Predicting User Affective States from Mobile Notification Interactions Using LLM-Based Machine Learning Models
摘要
The rapid adoption of smartphones has created opportunities for understanding the emotional state of the user’s through smartphone interactions. This work presents a novel approach using Large Language Models (LLMs) and smartphone notification interaction data for the estimation of the affective state of the user, an area that has not been extensively studied. Recent studies face challenges in generating personalized predictions; instead, they deliver generalized outcomes that are not suitable for an individual’s behavior. Most models failed to incorporate real-time variables, which limits the accuracy and relevance of user’s emotional state predictions. This work applies the use of LLMs to analyze user’s complex, dynamic interactions with smartphone notifications, resulting in a greater understanding of emotions such as happiness, irritation, and frustration. Our work uses real-time smartphone notification data, “NotifyMiner,” and LLMs to deliver context-aware, personalized emotional state predictions.
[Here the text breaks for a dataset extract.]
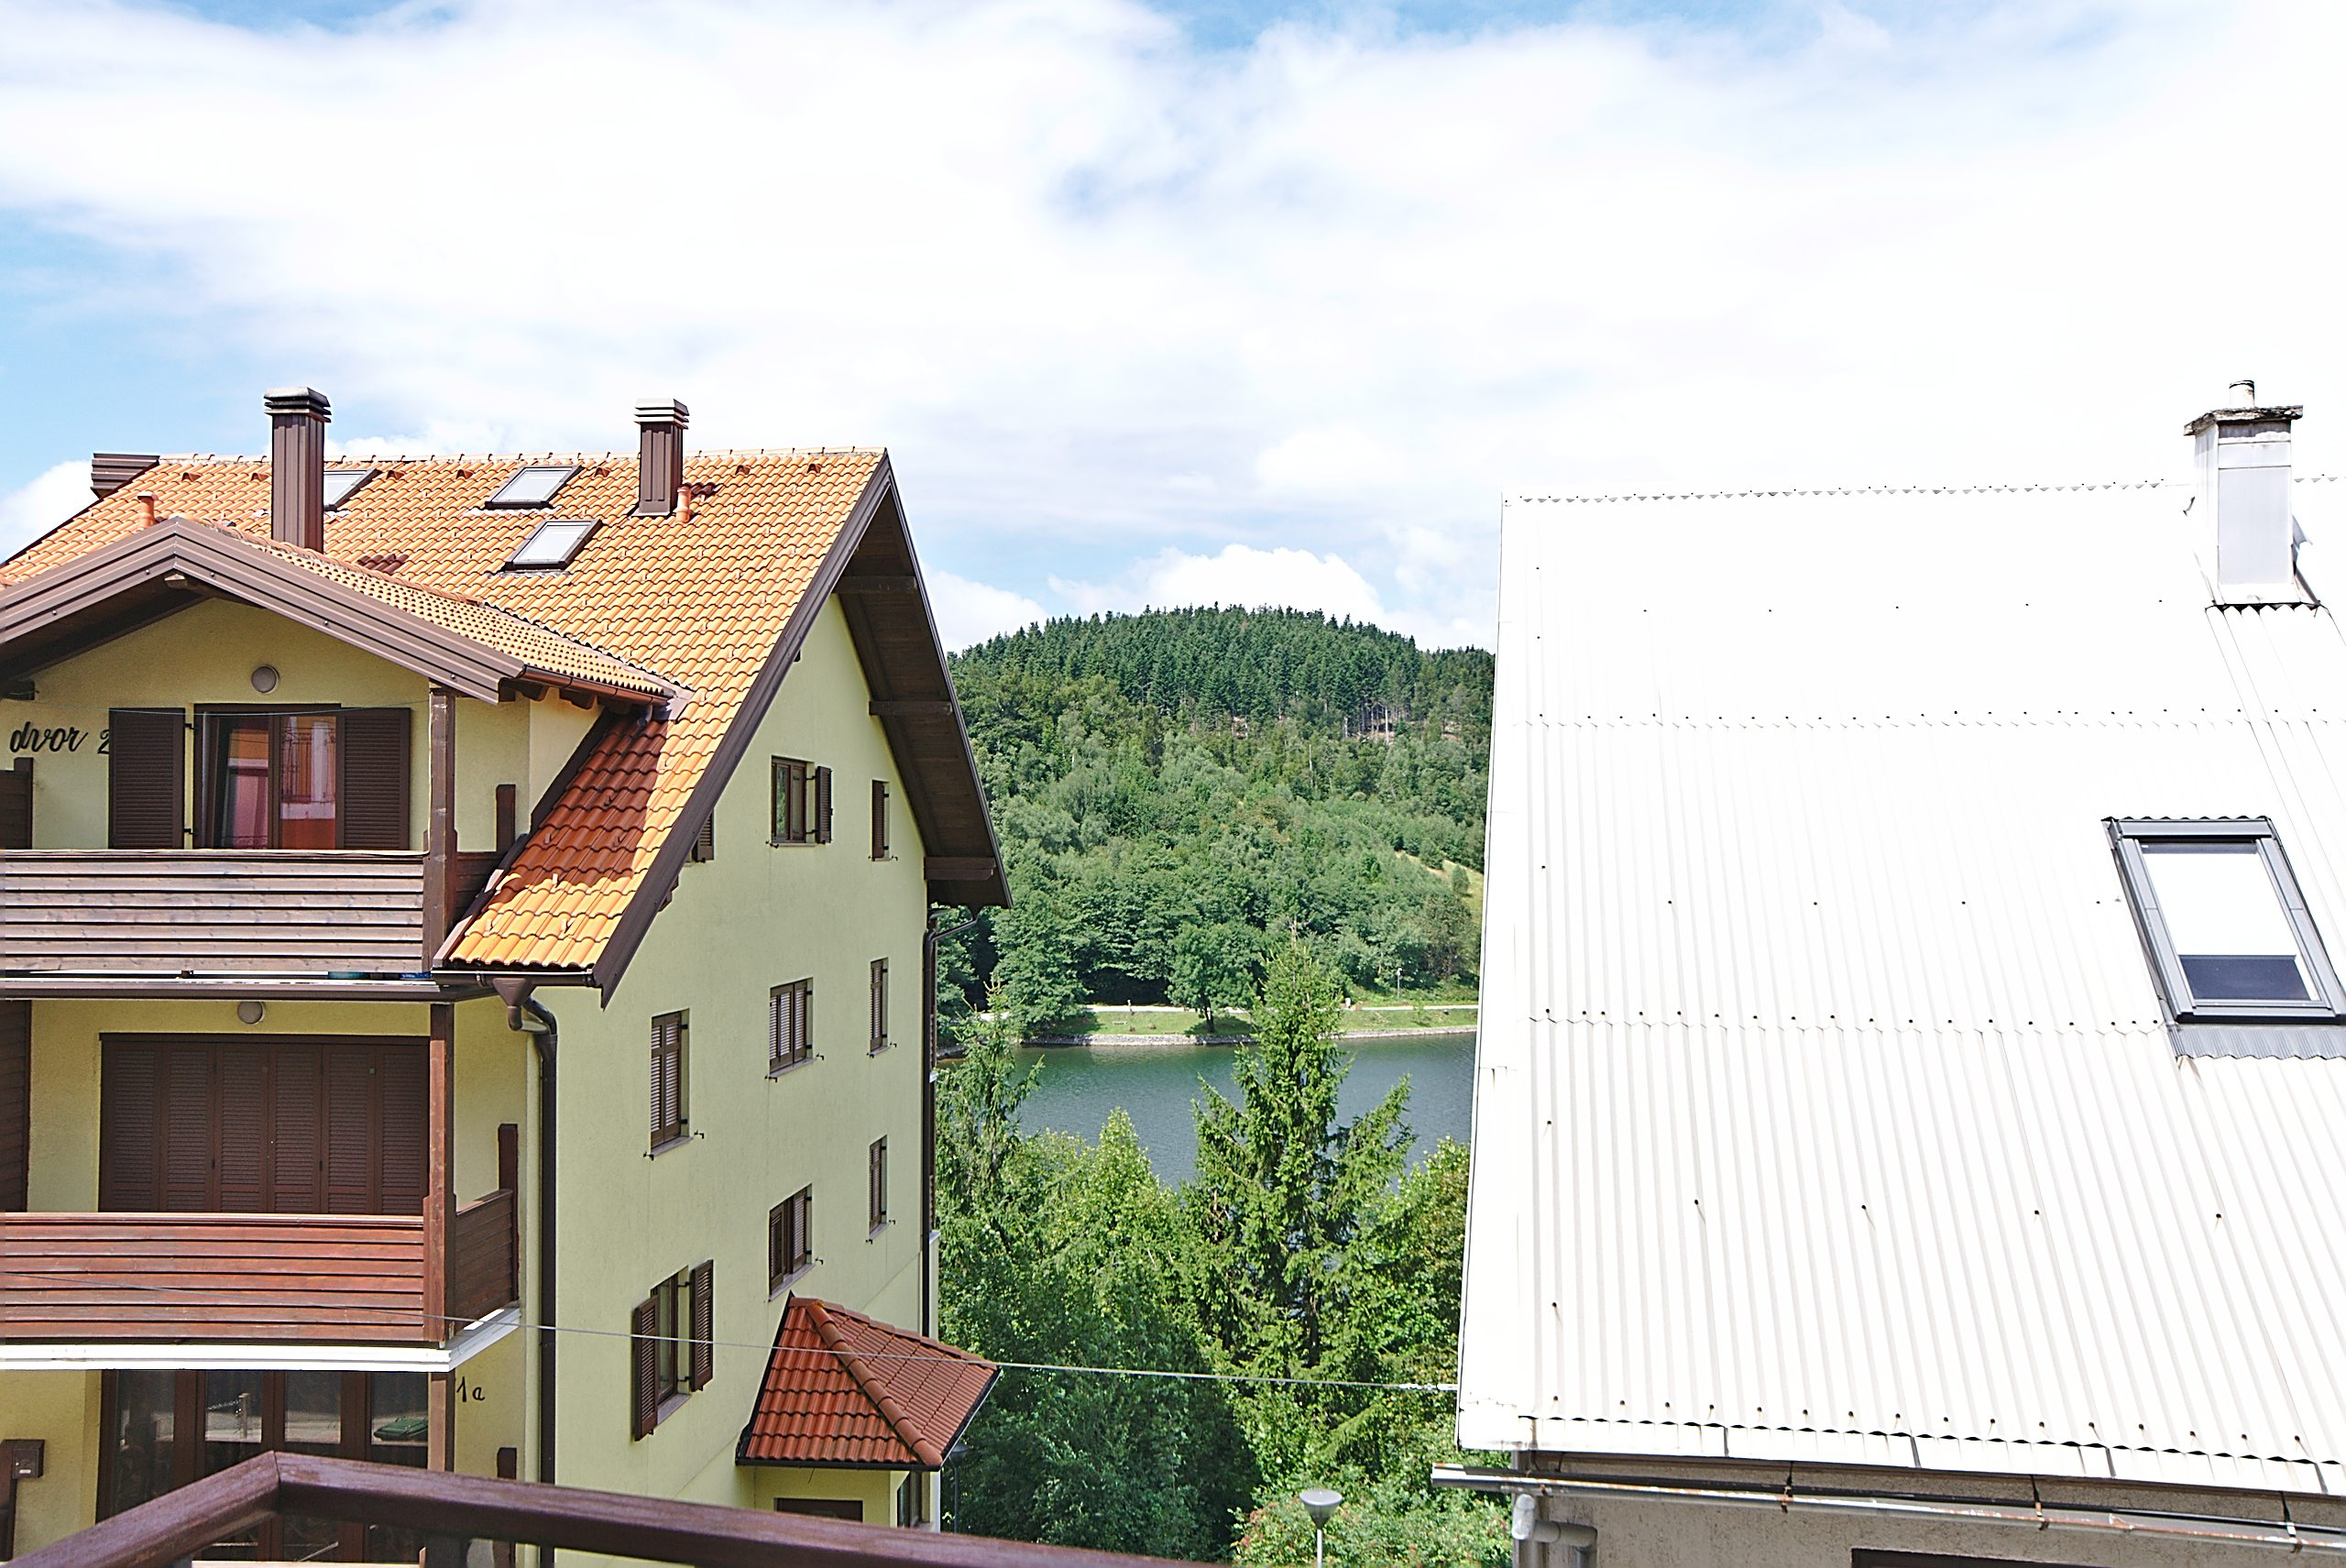 Dom i stil by Dogma: Goransko utočište u Fužinama

In our experiments, the LLM is trained on interaction data from user’s, which includes response latency, level of engagement, and type of notification, and its predictive capacity is assessed for recognizing various emotional states. We evaluate zero-shot and few-shot embedding techniques regarding their use in LLM to measure and predict user well-being status. The model proved to be successful in identifying various affective states, highlighting its potential for customized alerts, mental health tracking, and enhanced usability features. Through context-aware and personalized predictions, LLMs demonstrate their ability to overcome standard modelling restrictions and analyze complex user behaviors.